Still, even this small change is an improvement over the previous anything-goes policy. People who want to blow their savings on mystic nonsense should at least get a nice flashy tarot reading or personal magic-trick presentation for their money, rather than just read a wall of poorly-written pink capital letters and then pay fifty dollars for a twenty-cent bottle with some discount-store lavender oil in it.

If, of course, you really are in possession of some paranormal object or magic spell, you could make money a lot faster by just demonstrating it to James Randi, and make a million dollars.

Since Randi's advancing age means he now looks like a particularly dangerous emeritus member of the faculty of Unseen University and like a little bald wrinkly smiling man, though. the Anti-Randi Marching Band probably find him even more frightening.

3 Responses to “eBay: Now 1% less preposterous!”

  1. cfuse Says:

    I've always had a bit of a problem with the Randi challenge. If you actually had functional paranormal abilities, then not only could you make more than a million dollars by using said abilities, you wouldn't have to put up with being vivisected by the curious (for which one million dollars seems a paltry consolation prize).
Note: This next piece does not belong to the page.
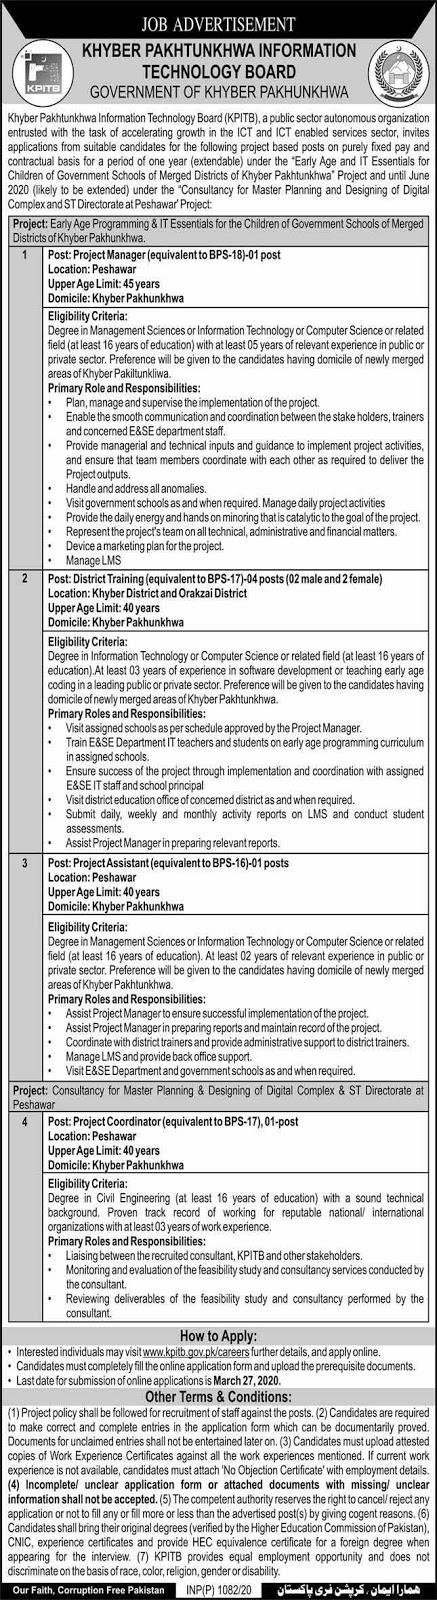 Latest Jobs in Khyber Pakhtunkhwa Information Technology Board 12-03-2020

The only thing that the challenge really offers is fame (or infamy), which is the last thing any sensible person would want.

    • dan Says:

      The world teems with psychics, dowsers, fortune tellers, astrologers, theatrical evangelists, homeopaths, spirit mediums and other persons who rely upon alleged paranormal abilities to make a living.

      Most of them do not make a very good living.

      For every Uri Geller or Sai Baba, there are tens of thousands of professional supernaturalists who just hope to cover the rent. One may argue, and I agree, that they're unsuccessful because they don't actually have the powers they claim (any more than Geller does, or Sai Baba did), but it's also possible that they have the powers but just can't get enough clients, owing to saturation of the market and/or general skepticism. (I assure you that most of them have answers of this sort to the question "if you're so magic, why ain't you rich?")

      Many, if not all, of those people most certainly would desire not just the substantial lump sum they'd get from doing what they claim they do every day and thus winning Randi's Challenge prize, but also the fame and attendant massively increased business they would thus achieve.

      As I said in that old post, it's probable that most of these people don't apply for the Randi Challenge not because they don't want the money or the attention from skeptics, but because they know that supernatural stuff happens every day, and yet nobody's ever passed even the preliminary test for the Randi Challenge, and thus the Challenge must be rigged and unwinnable, like Jock Doubleday's vaccine challenge.

      There are also plenty of woo-woo artists who wouldn't apply for the Challenge because they believe God doesn't do party tricks (or some equivalent testing-kills-the-magic argument), or because they know they're faking it. But those who believe they have powers and believe the Challenge is at least worth having a go at have done so, in considerable numbers, over the years. (I don't know the exact number; the applicant count is usually quoted as "more than a thousand", but that probably includes a lot of the pseudo-"applicants" who refuse to say what they intend to do, or what would constitute failure, et cetera.)

      (There's also the odd situation where the actual paranormal person knows they're faking it, but tries the Challenge anyway, either because they think they're a sharper operator than Randi, or because some associate or relative puts them up to it and they don't want to tell their parents that actually their blindfolded reading only happens when they can peek down the side of their nose.)

  2. Matt Brubeck Says:

    eBay has also stopped people from selling their souls (except for metaphorically) for over a decade now, with amusingly solid reasoning.